The AgBOT Competition
To create a full-scale autonomous vehicle to navigate, fertilize, identify and eradicate weeds in an agricultural field
The AgBot Challenge
The project requires the simultaneous integration of automating 6 unique operations
- Power System
- Vehicle Navigation
- Chemical sprayer
- Crop Pesticides (3 different types)
- Crop Fertilizer (1 type)
- Physical weed eradication
- Multivator blades
- Weed Identification
- Centralized controller
Purdue’s AgBOT: Our Solution
Our robot is projected to autonomously:
- Identify and locate 3 common types of weeds and corn plant
- Physically eradicate all weeds outside the lines of crop
- Apply pesticide to weeds with the correct pesticide (3 types)
- Apply fertilizer to corn crops
Miscellaneous Project Information
The 2016 Yamaha Viking VI EPS, Ranch Edition
Our Design Overview
1. Power System
A spare engine was mounted to the bed of the Yamaha vehicle. A gearbox adapter was fabricated to convert the engine’s RPM to the correct RPM for the Multivator’s PTO shaft. The engine’s clutch could be activated via button, which would engage the the Multivator’s blades.
2. Vehicle Navigation
The Yamaha vehicle’s power steering was re-wired to allow for control via activation of relays. The relays were controllable via our central control system, and could be engaged autonomously.
3. Chemical Spray System
A large water tank was installed into the back of the Yamaha vehicle. A pump transported water to the back of the vehicle. Using 8 venturi mixers, concentrated pesticide or fertilizer mixed with the water line as it flowed towards one of 8 nozzles. Solenoid valves were controlled via MOSFETs, and were controllable via the centralized control system.
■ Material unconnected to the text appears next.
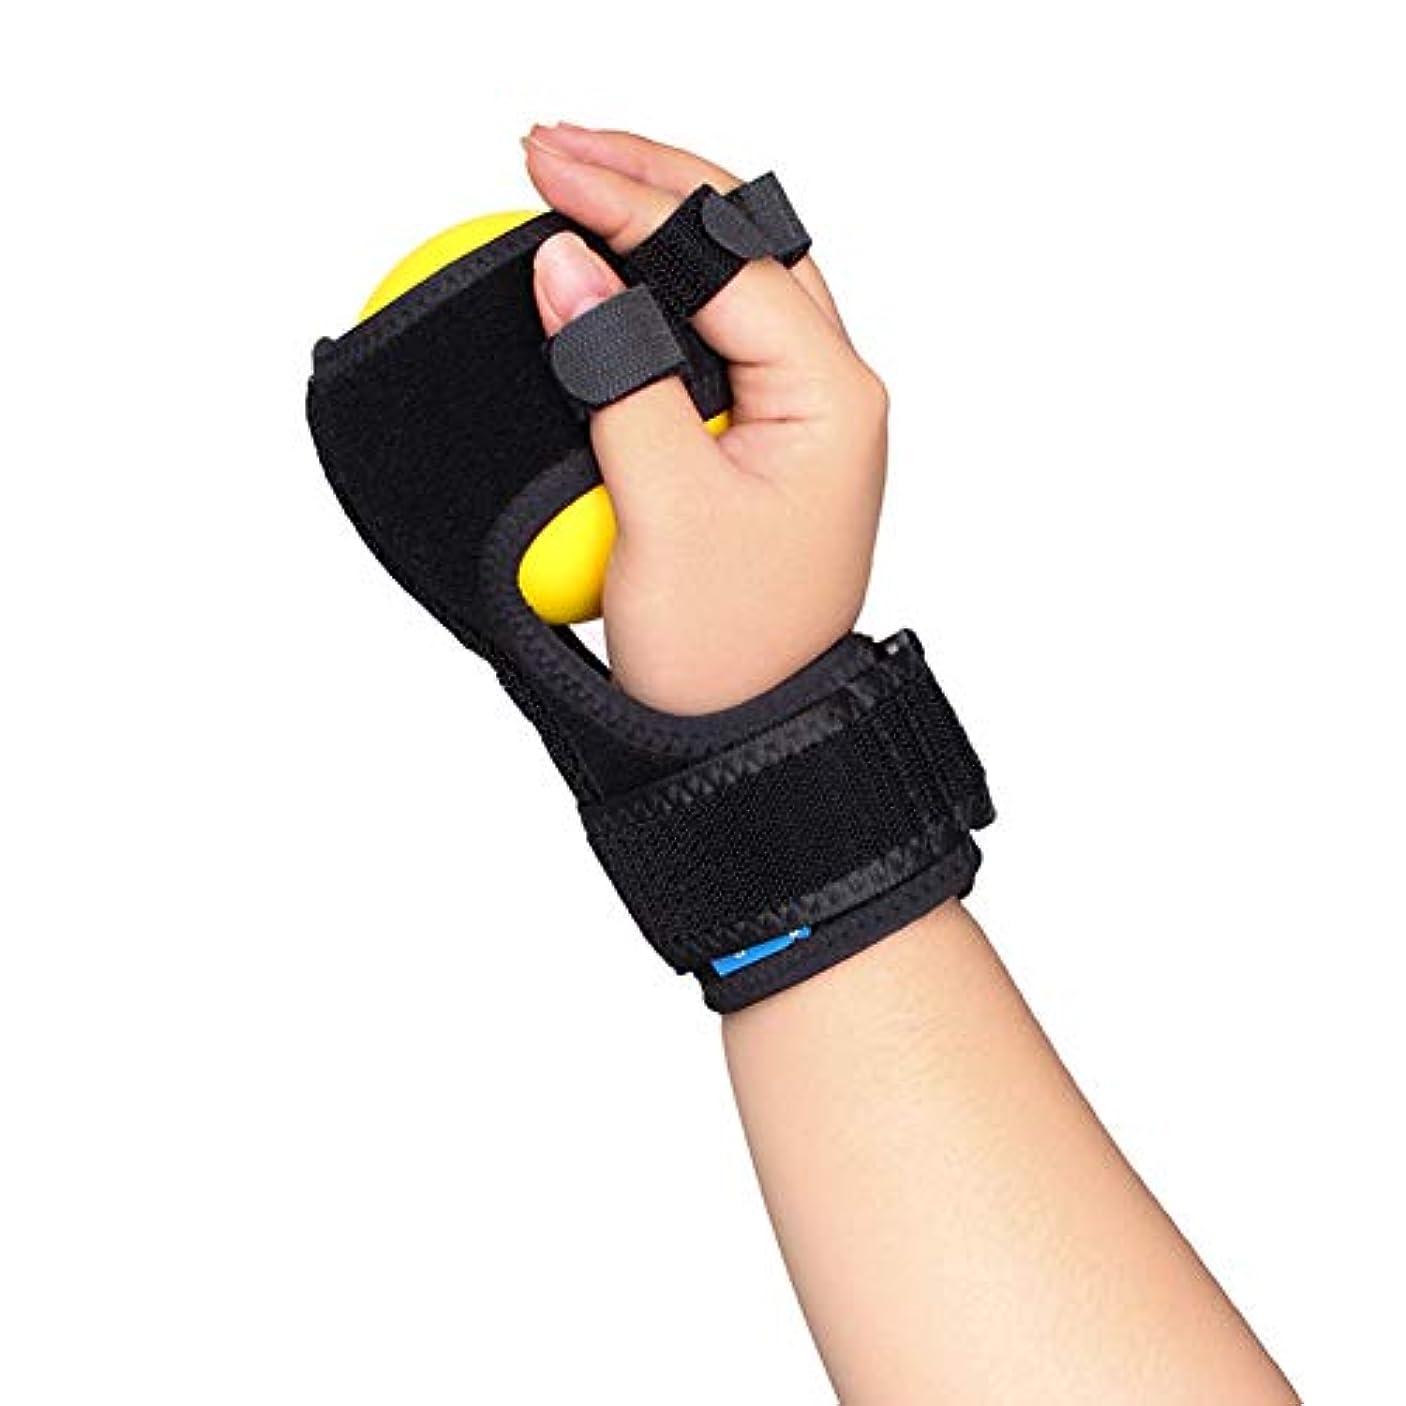 ホイスト負勘違いする脳卒中リハビリテーション関節炎手袋マレットブレーストリガー指関節炎と靭帯の痛みを軽減するブレースコレクター

4. Physical Weed Eradication (Multivator)
Physical weed removal is achieved by utilizing the Multivator, a farm cultivator. Generously donated by Ford, our team mounted 3 winches to the infrastructure to control the actuation (deploy/retract) of each Multivator head via the press of a button. The power system, once engaged, would turn the blades for weed eradication.
5. Weed Identification
By means of integrating machine learning principles, the identification system was aimed at having the centralized controller automatically differentiate and identify between 3 types of weeds and corn crops. Using 6 Logitek cameras in the front of the vehicle as input, the identification system would reference an archive of weed/crop photos in different conditions to output the final plant identification autonomously.
6. Centralized Controller
All sub-systems on this AgBot robot were centrally controlled via the master central controller. This central controller consisted of a NI MyRio, a Raspberry Pi, and a Dell desktop computer, and were mounted in the back seats of the Yamaha vehicle.